AI in the 21st Century

AI in the 21st Century

What is AI?

A child is born nine months after egg fertilization in the embryo. Learn to speak, remember things, and walk-in for about two years. A human child does it in itself, learns from his surroundings, keeps growing, and gets better day by day in making decisions.

When we try to simulate these things in a machine or software, we coin it as an AI system. In laymen's terms, we add intelligence to a device or software utilizing some algorithms such that it starts recognizing/doing things for which we have trained them.

Well, most probably, you might be thinking about the sci-fi movies/series such as Terminator, West world, Iron Man, and the list keeps going.

Well, this is not quite in real life. And we may classify any AI in 3 categories.

  1. Artificial Narrow Intelligence: An AI will be termed as narrow AI when it may perform any specific tasks only. In real life, all the current research is in this type of AI only.
  2. Artificial General Intelligence: An AI will be coined as General AI if it gets intelligence near any human being. It may able to perform any intellectual tasks as a normal human being will do. We can show it in the reels only, and it will take quite some time to make it a reality.
  3. Artificial Strong Intelligence: When AI starts beating humans in terms of intelligence.
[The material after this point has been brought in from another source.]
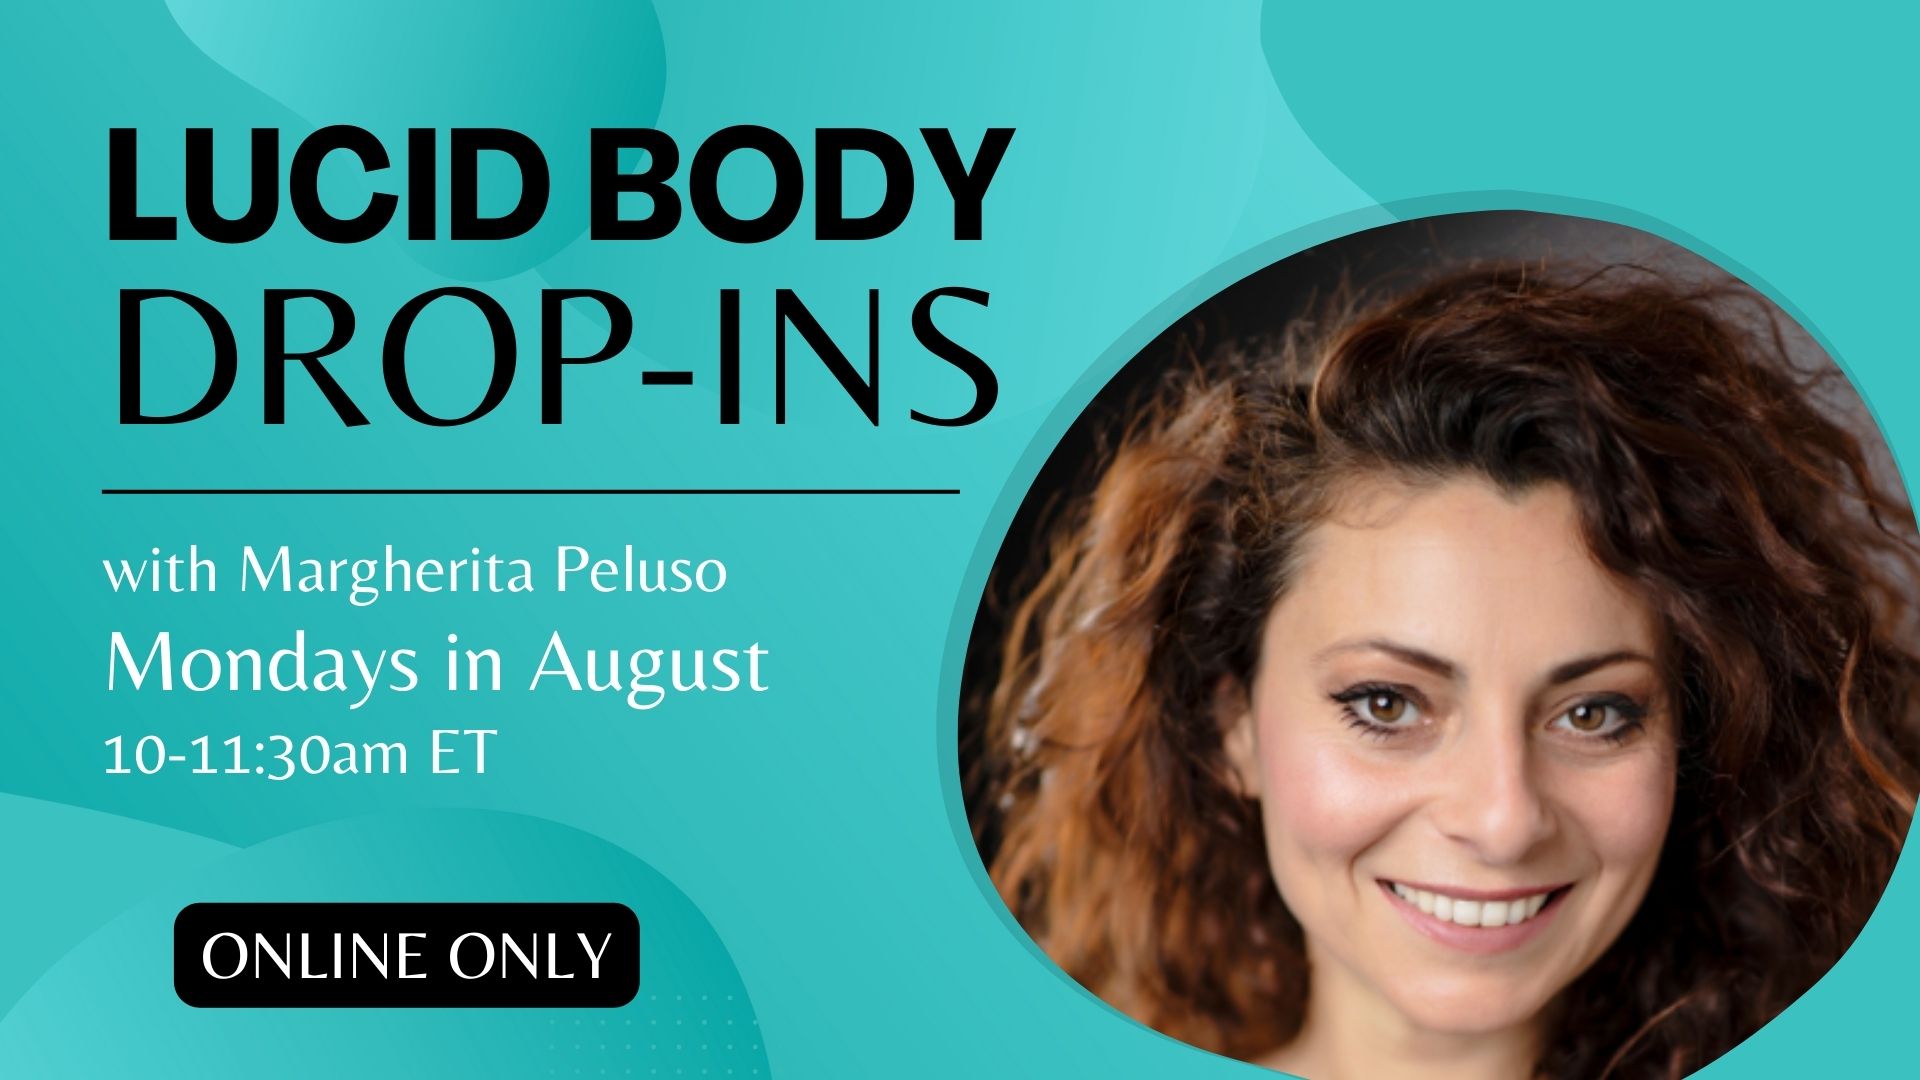 Lucid Body Drop-ins Monday in August with Margherita Peluso 10-11:30am ET
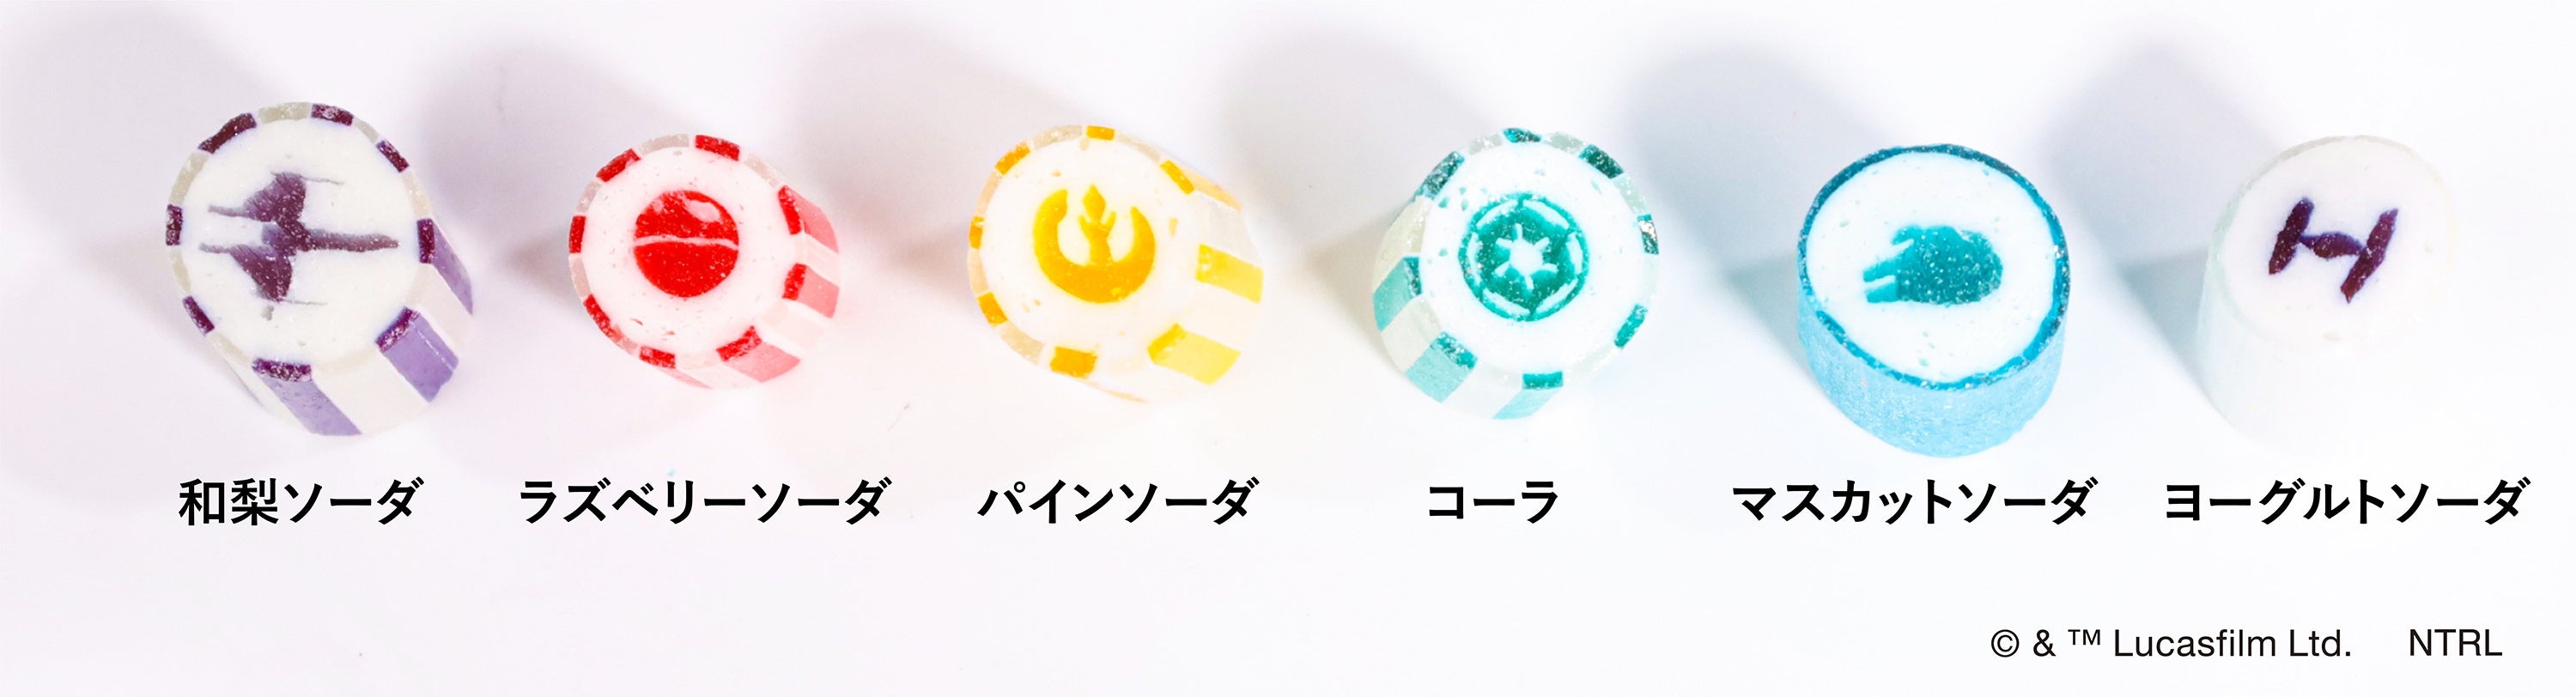 uSTAR WARS G.W. COLLECTION -PARCO 55th CAMPAIGN-vXyVACeppuuXɂ426()蔭JnB

You might think that there are such AI that may beat humans in many specific tasks, then why we say that we are still in the narrow AI. That is because that is narrow AI, that AI is capable of doing that specific job only. If we throw something which it has not seen or not trained for then, it will collapse. We have AI systems that are capable of detecting  Leucoma just from the images of the eye. But it will fail if we give it a simple dog image.

Types of AI

In general, AI has three subfields/sub-domains

  1. Artificial Intelligence
  2. Machine Learning
  3. Deep Learning

Artificial Intelligence

You might have heard about Tesla and its self pilot mode, where the AI drives the car on its own with no human supervision. It is the best example of Artificial Intelligence. The vehicle, with the help of very high advanced sensors, drives the car on its own. It involves very complex decisions as changing and deciding lanes in the busy road, giving side to the following vehicle based on its driving behavior and real-time circumstances. You may sleep, and the car will take you to your desired destination.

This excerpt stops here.